Department of Cardiovascular Surgery, Osaka University Graduate School of Medicine, 2-2 Yamadaoka, Suita, Osaka 565-0871, Japan.
Department of Cell Design for Tissue Construction, Faculty of Medicine, Osaka University Graduate School of Medicine, 2-2 Yamadaoka, Suita, Osaka 565-0871, Japan.
Int J Mol Sci. 2020 Nov 24;21(23):8893. doi: 10.3390/ijms21238893.
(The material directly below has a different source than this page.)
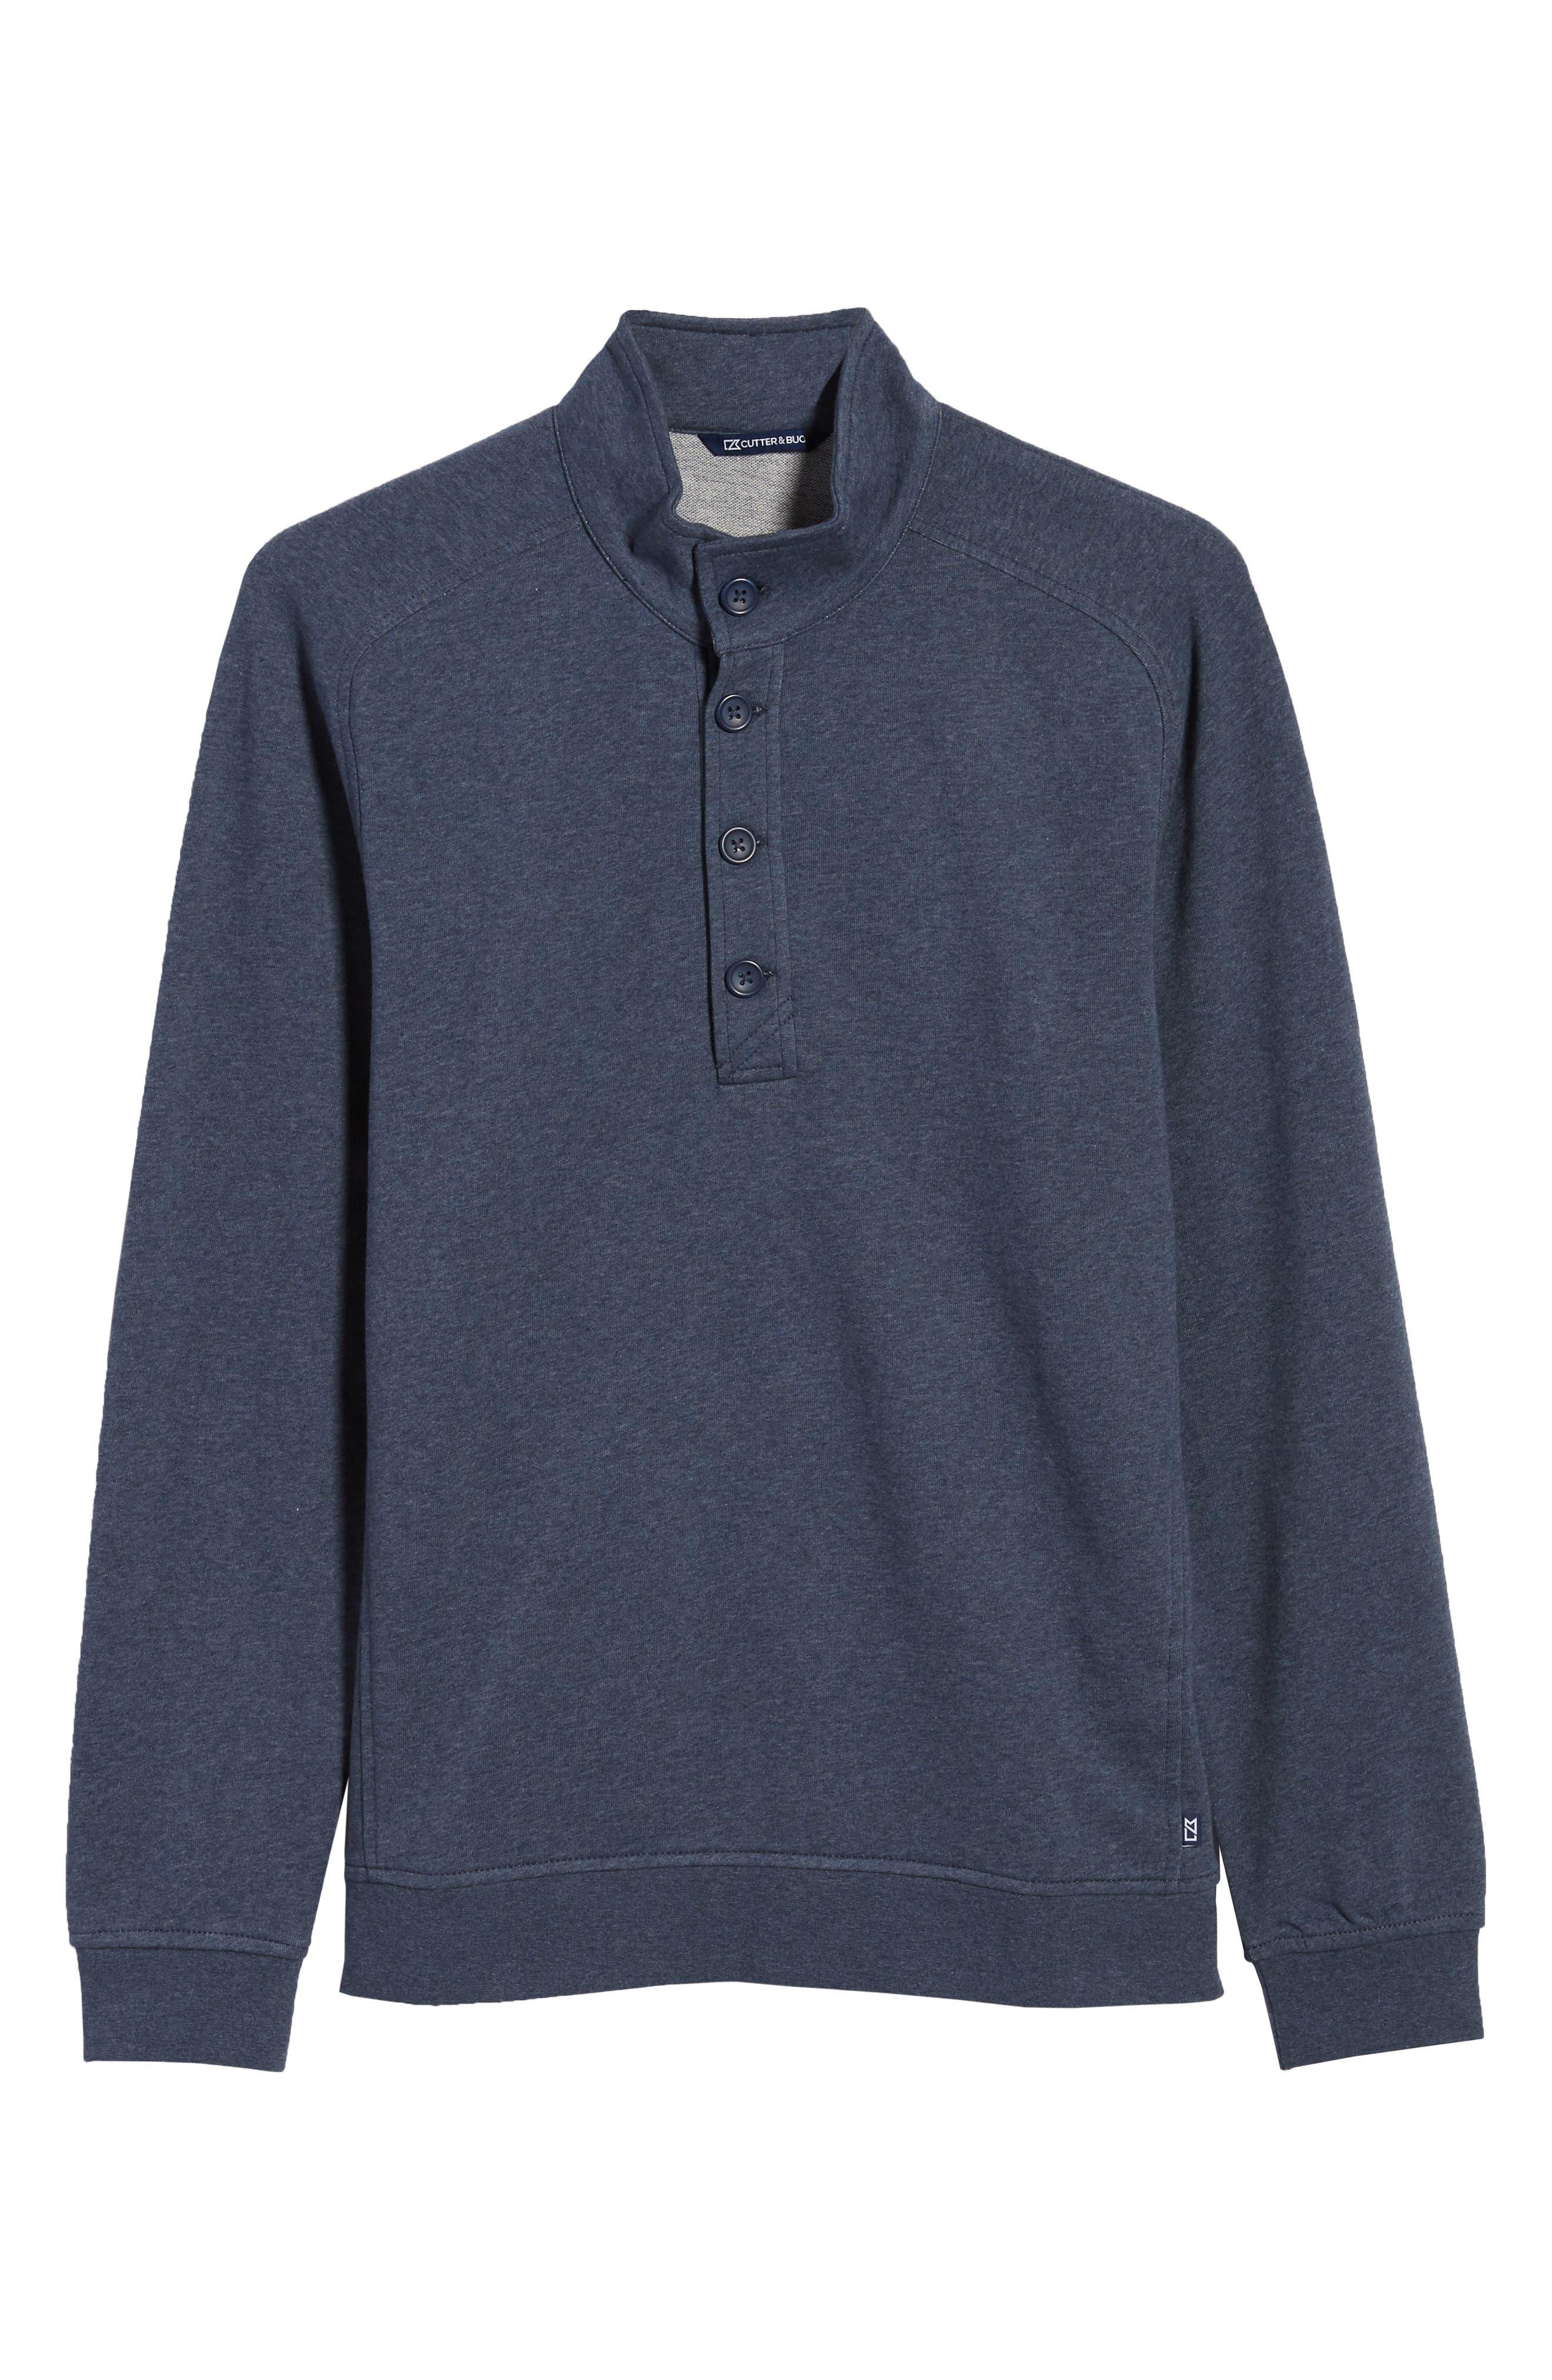 Saturday Mock Neck Sweatshirt

Relevant, predictive normal, or disease model systems are of vital importance for drug development. The difference between nonhuman models and humans could contribute to clinical trial failures despite ideal nonhuman results. As a potential substitute for animal models, human induced pluripotent stem cell (hiPSC)-derived cardiomyocytes (CMs) provide a powerful tool for drug toxicity screening, modeling cardiovascular diseases, and drug discovery. Here, we review recent hiPSC-CM disease models and discuss the features of hiPSC-CMs, including subtype and maturation and the tissue engineering technologies for drug assessment. Updates from the international multisite collaborators/administrations for development of novel drug discovery paradigms are also summarized.
相关的、有预测价值的正常或疾病模型系统对于药物开发至关重要。尽管非人类模型的结果理想,但与人类之间的差异可能导致临床试验失败。人诱导多能干细胞(hiPSC)衍生的心肌细胞(CMs)作为动物模型的潜在替代品,为药物毒性筛选、心血管疾病建模和药物发现提供了有力工具。在这里,我们回顾了最近的 hiPSC-CM 疾病模型,并讨论了 hiPSC-CMs 的特征,包括亚型和成熟度,以及用于药物评估的组织工程技术。还总结了国际多站点合作者/管理机构在开发新型药物发现范例方面的最新进展。